The Peace Corps and the people of Panama have shared a strong friendship ever since the first Volunteers arrived in 1963. The 46 new Volunteers will be stationed throughout the country, assisting in the fields of agriculture, environmental conservation, tourism and English education.
In his remarks to the Volunteers, Director Tschetter said, You are about to make a profound commitment of service to the communities you will serve, to Panama, to the United States and to yourselves. For the agriculture Volunteers, you are on the front lines of addressing food security. The current global food crisis can be eased in Panama by supporting the producers and helping them to help themselves to increase production and learn sustainable techniques.

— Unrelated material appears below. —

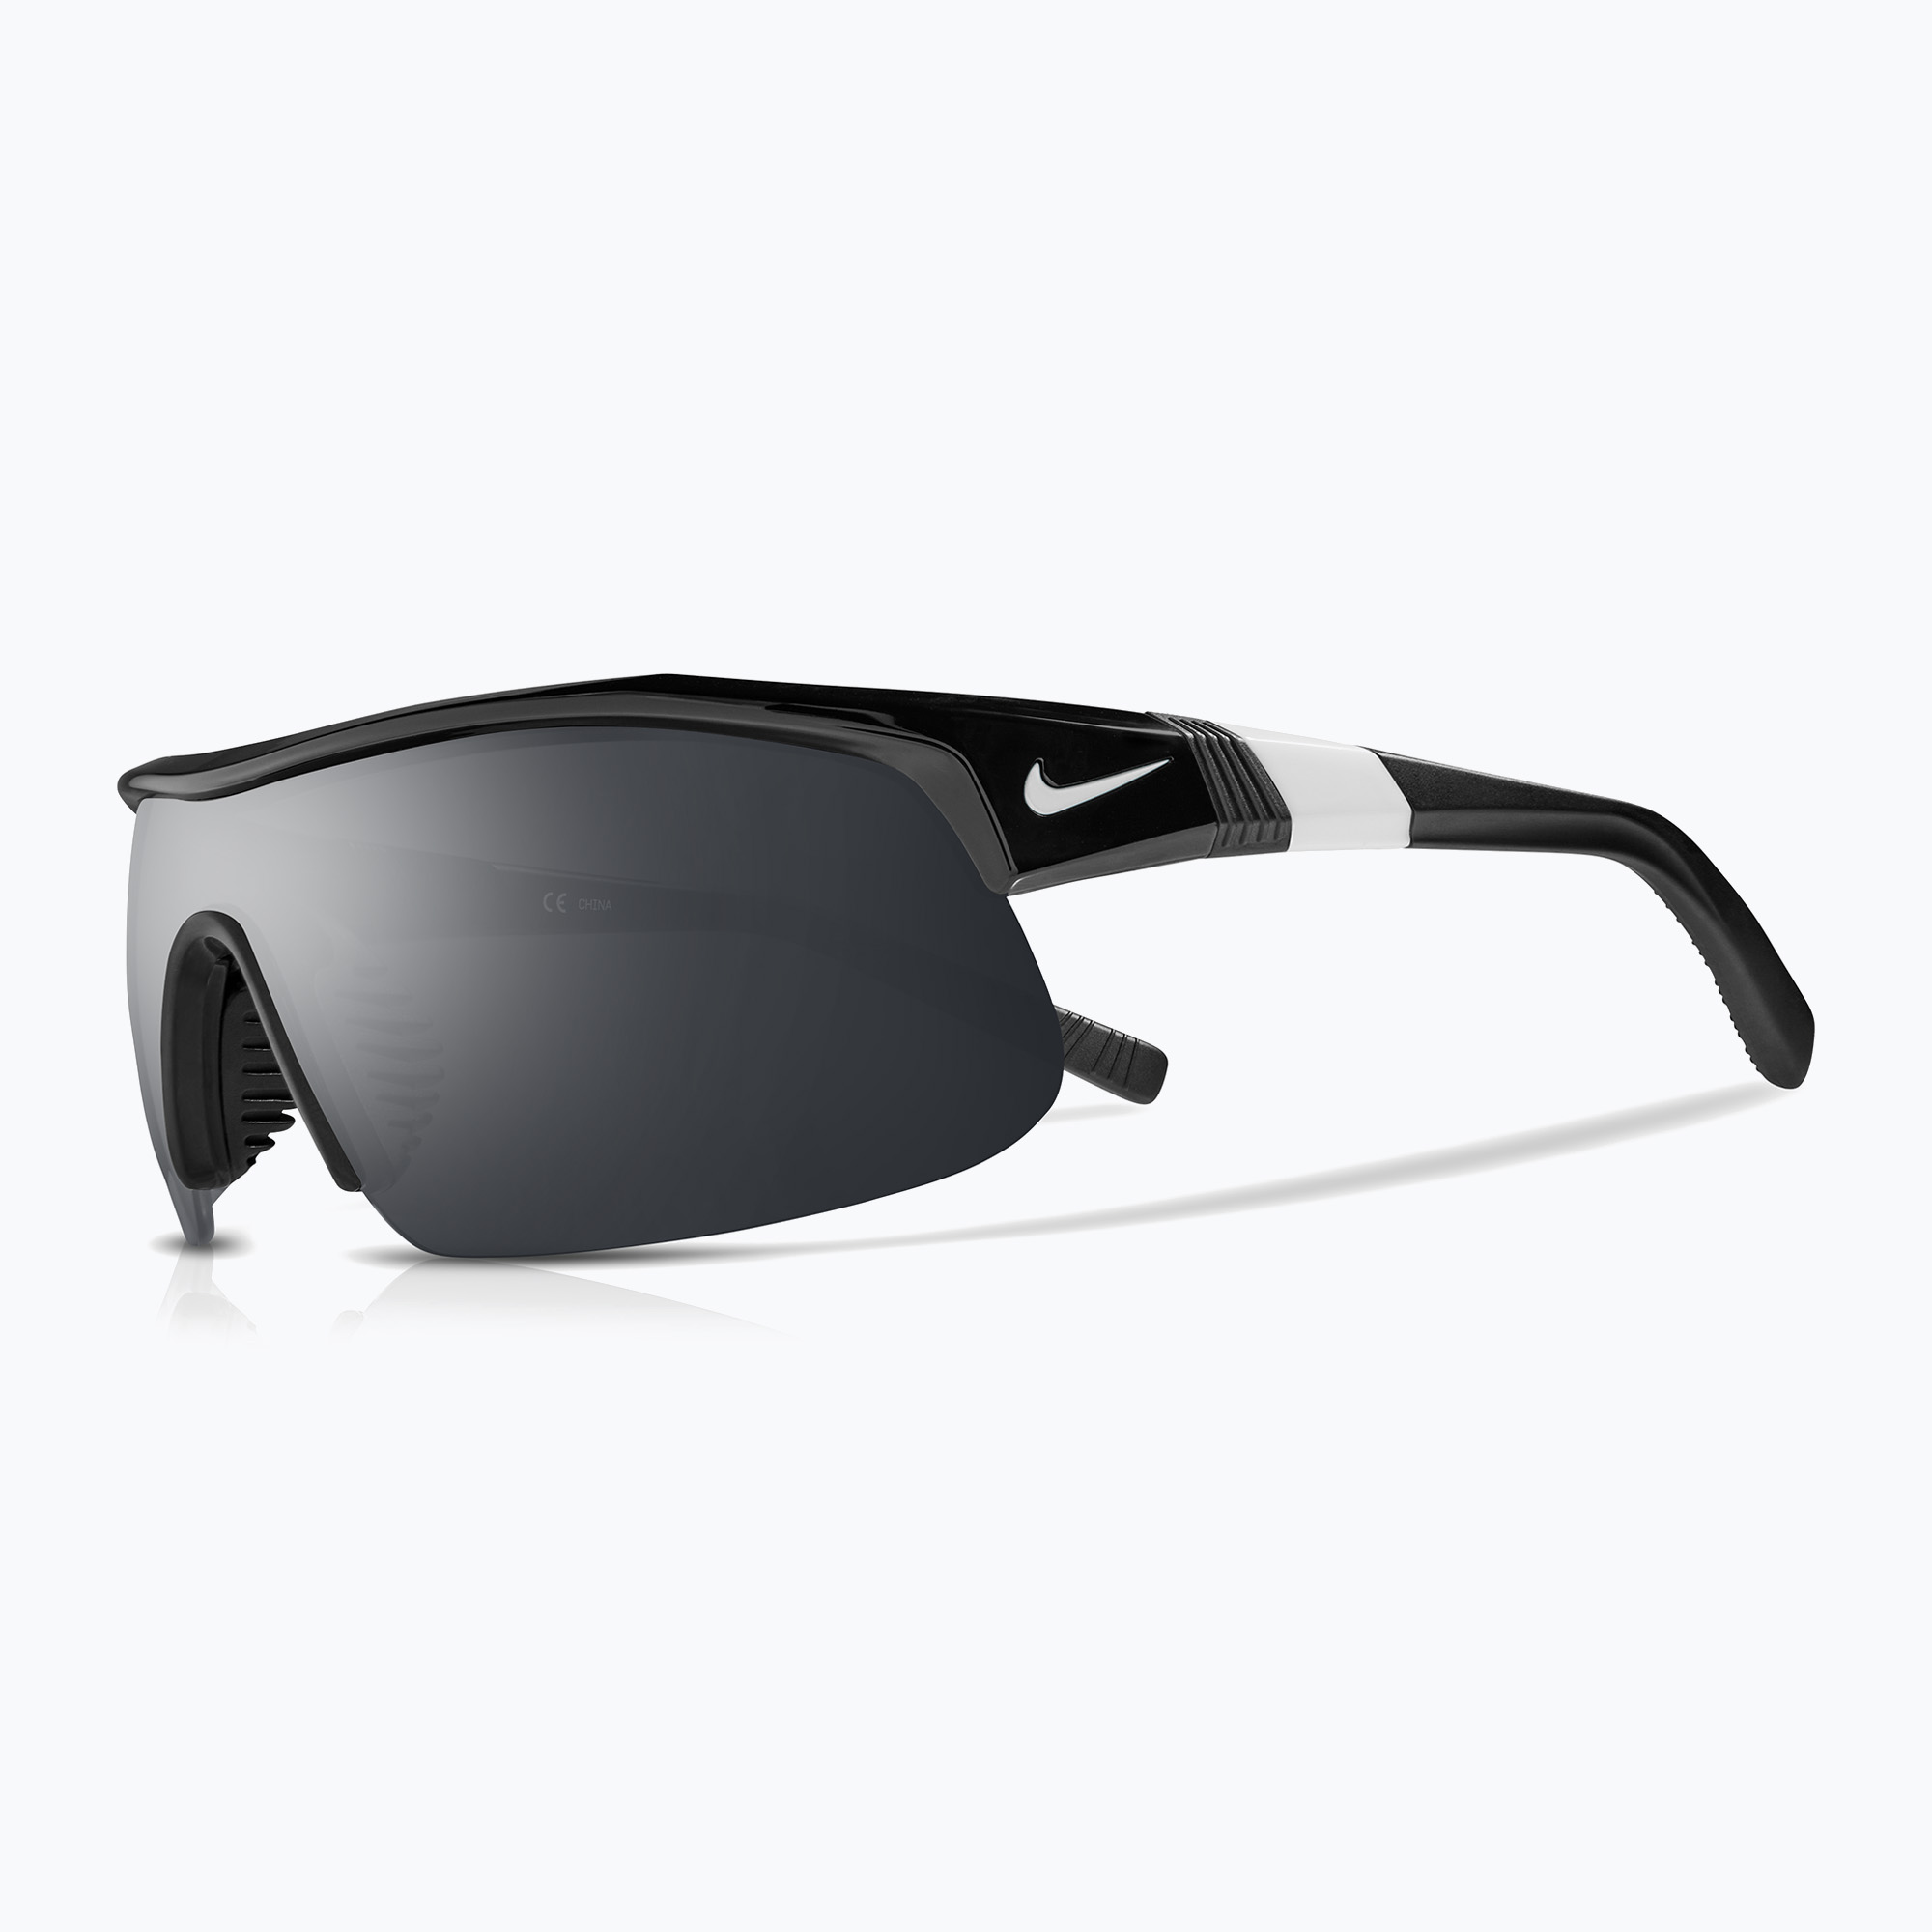 Слънчеви очила Nike Show X1 черни/сребърни светкавици

During his visit, the Director met with the First Vice-President/Foreign Minister of Panama Samuel Lewis Navarro and participated in a reunion meeting with former Peace Corps Volunteers. He also visited the local Peace Corps office and met with the Volunteer Advisory Council. Tomorrow, Director Tschetter will visit a Peace Corps Response site on the Chagres River in Panama. For information about Peace Corps Response visit www.peacecorps.gov/response.
The Peace Corps has sent more 1,700 Volunteers to Panama since 1963. There was a program hiatus between 1971 and 1989. Since their return in 1990, Volunteers have been working in the poorest rural and indigenous areas to identify, develop and promote sustainable development projects. Currently, 174 Peace Corps Volunteers are serving in Panama. Volunteers mainly work in the areas of sustainable agriculture systems, community economic development, environmental health, community environment conservation and health and HIV/AIDS awareness and prevention.
To learn more about the Peace Corps/Panama, visit the Where Do Volunteers Go? web page.
The Peace Corps is celebrating a 47-year legacy of service at home and abroad, and a 37-year high for Volunteers in the field. Since 1961, more than 190,000 Volunteers have helped promote a better understanding between Americans and the people of the 139 countries where Volunteers have served, including Panama. Peace Corps Volunteers must be U.S. citizens and at least 18 years of age. Peace Corps service is a 27-month commitment.